## Data section:
*** Block opens ***

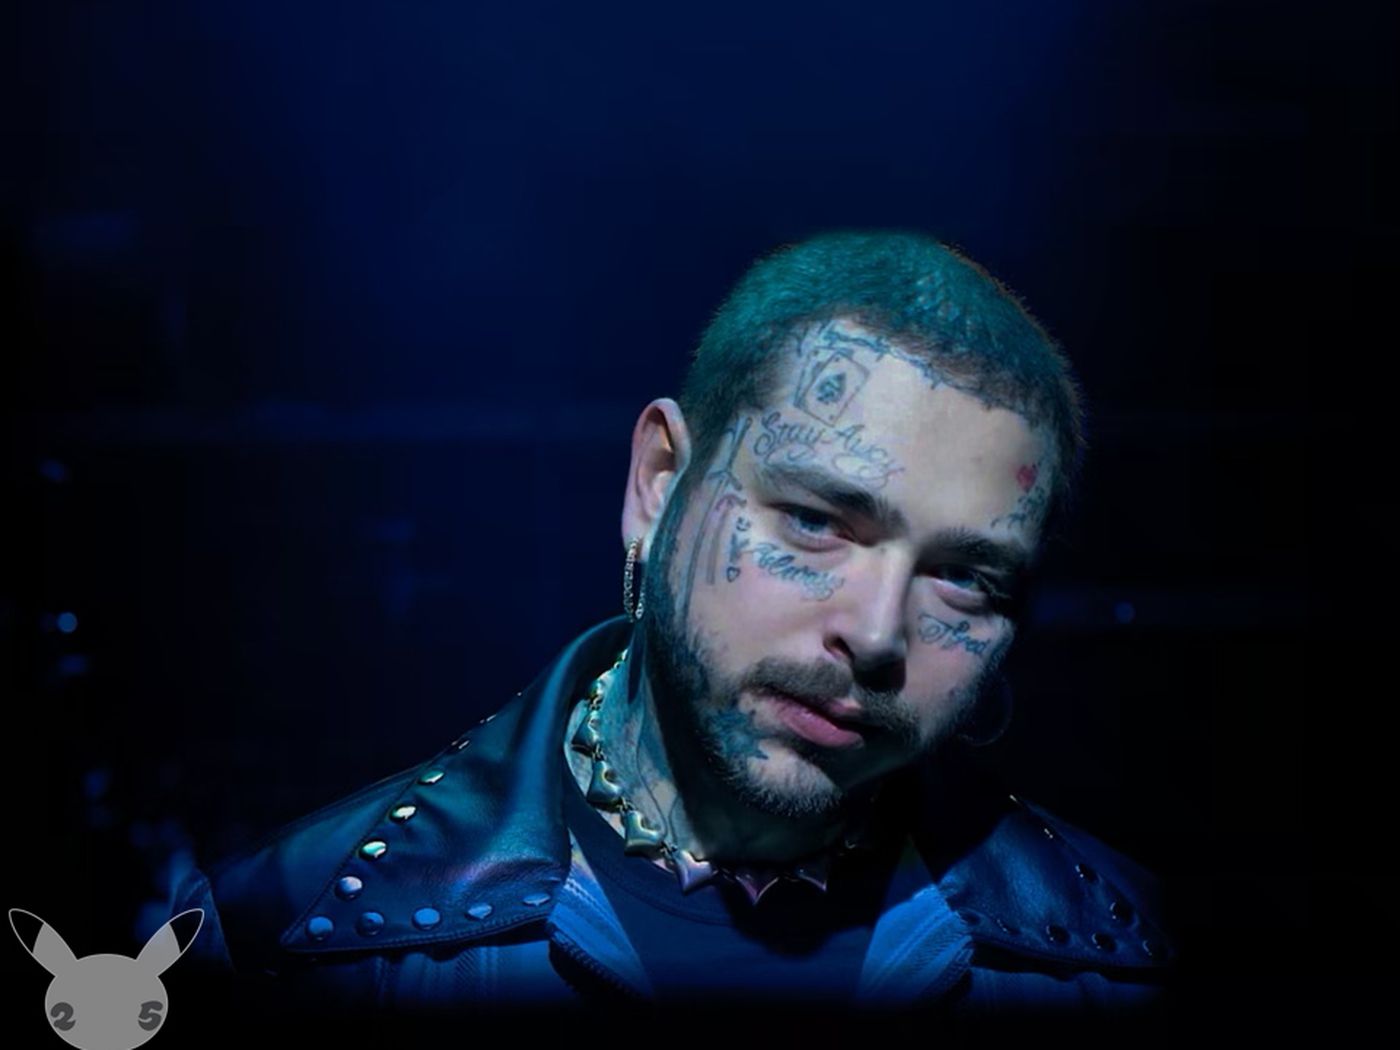 Listen to Post Malone cover Hootie & the Blowfish for Pokémon's 25th anniversary
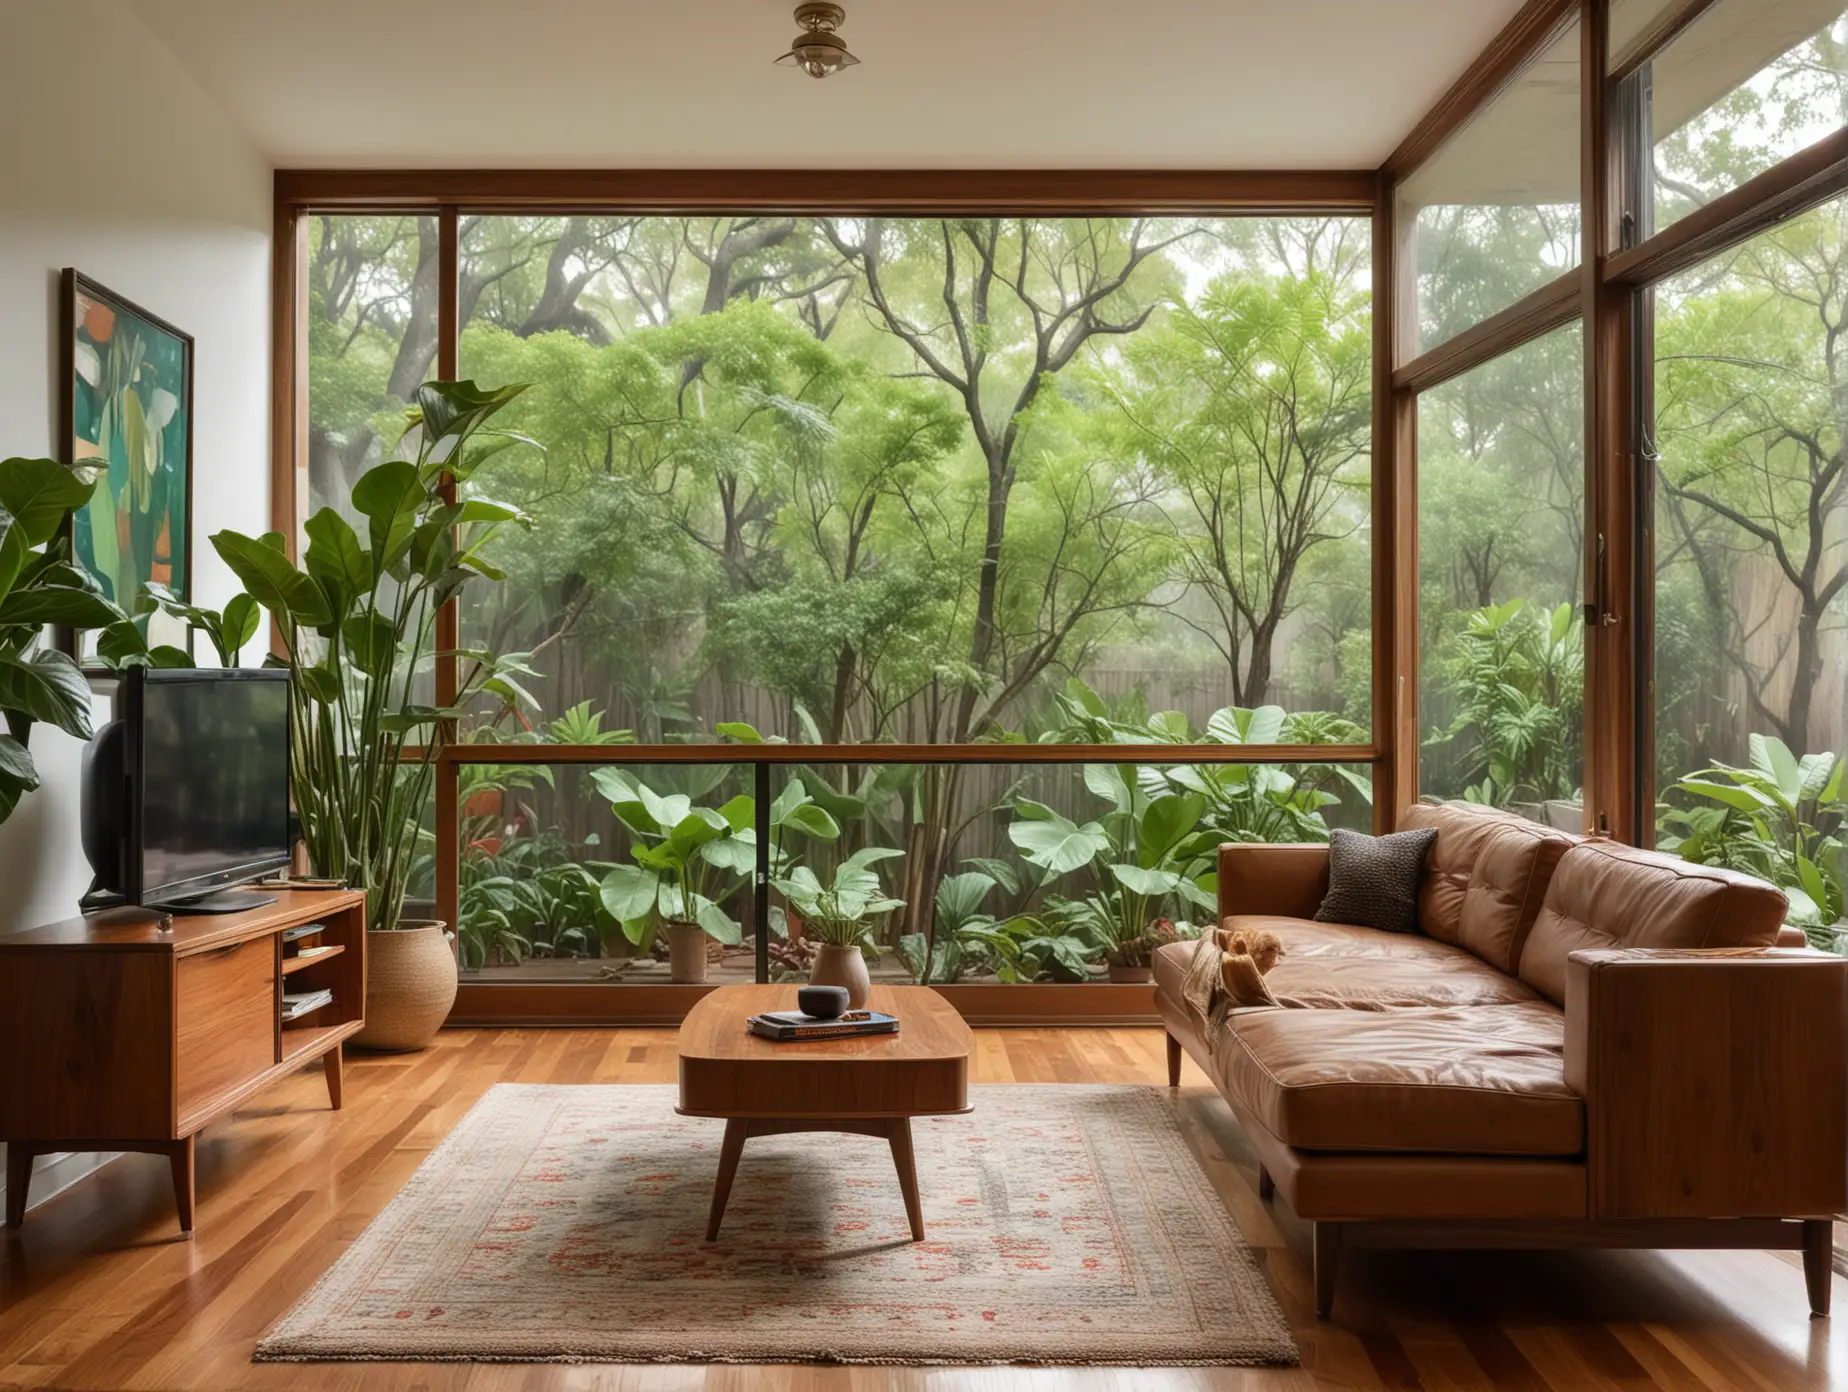 A mid-century modern living room with l-section sofas bathed in shades of brown and green, featuring wooden floors, a walnut credenza, house plants like fiddle leaf figs, and a panoramic window offering a view of the backyard under a gentle rain.
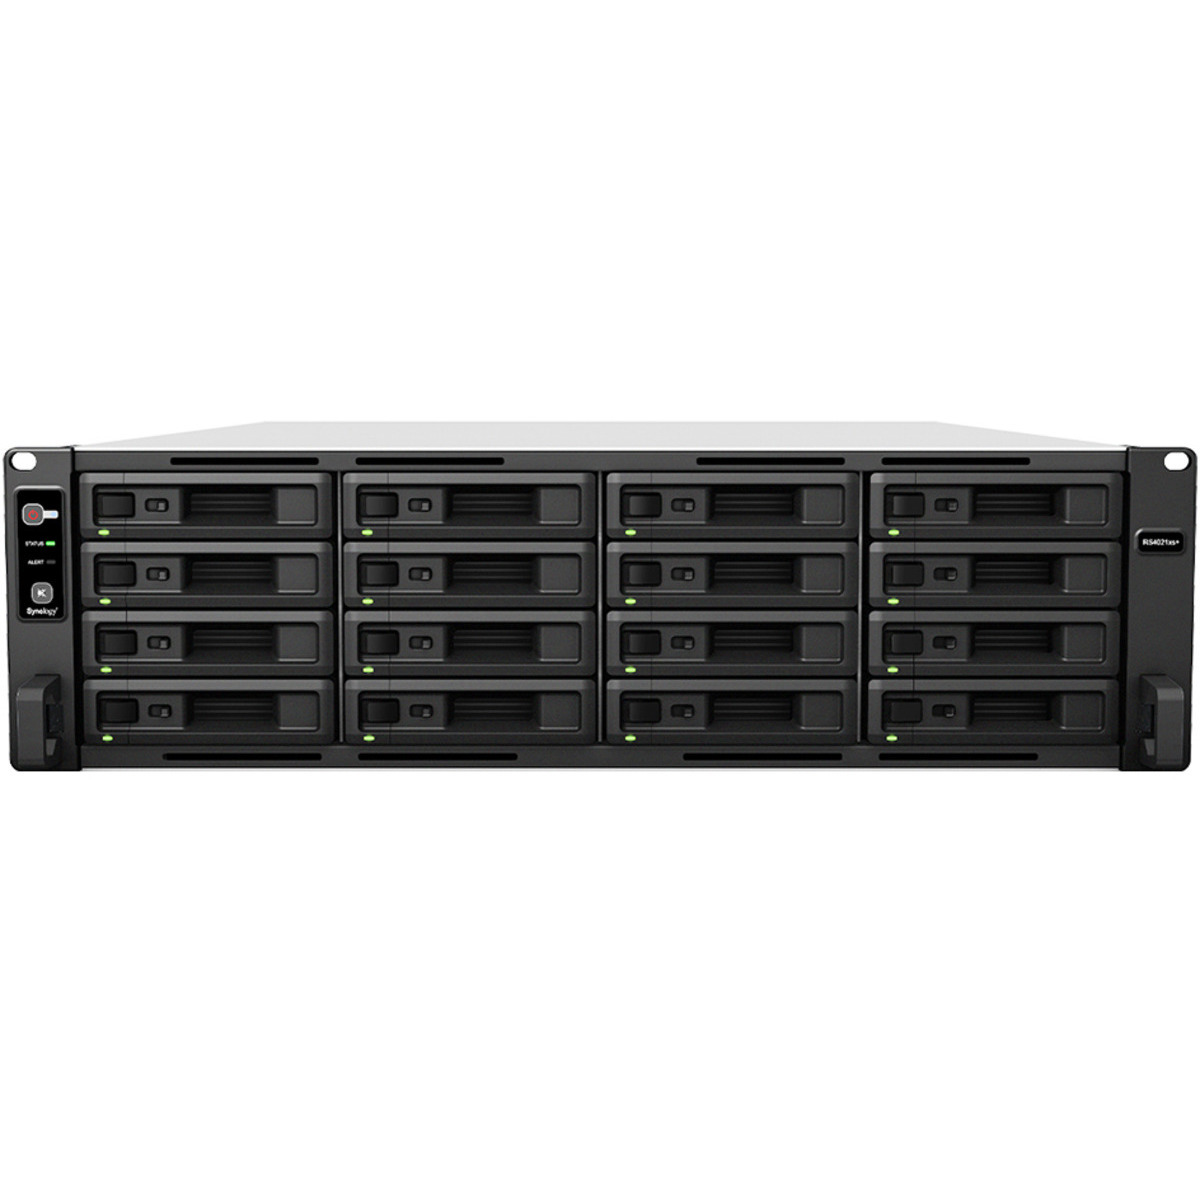 buy Synology RackStation RS4021xs+ 320tb RackMount NAS - Network Attached Storage Device 16x20000gb Seagate EXOS X20 ST20000NM007D 3.5 7200rpm SATA 6Gb/s HDD ENTERPRISE Class Drives Installed - Burn-In Tested - nas headquarters buy network attached storage server device das new raid-5 free shipping simply usa RackStation RS4021xs+

*** Block closes ***

## Action item:
The copy runs from the line containing "A mid-century modern" through the last line of the material, both ends included. Reproduce those lines exactly and drop the pictures.

## Written answer:
 A mid-century modern living room with l-section sofas bathed in shades of brown and green, featuring wooden floors, a walnut credenza, house plants like fiddle leaf figs, and a panoramic window offering a view of the backyard under a gentle rain.
 buy Synology RackStation RS4021xs+ 320tb RackMount NAS - Network Attached Storage Device 16x20000gb Seagate EXOS X20 ST20000NM007D 3.5 7200rpm SATA 6Gb/s HDD ENTERPRISE Class Drives Installed - Burn-In Tested - nas headquarters buy network attached storage server device das new raid-5 free shipping simply usa RackStation RS4021xs+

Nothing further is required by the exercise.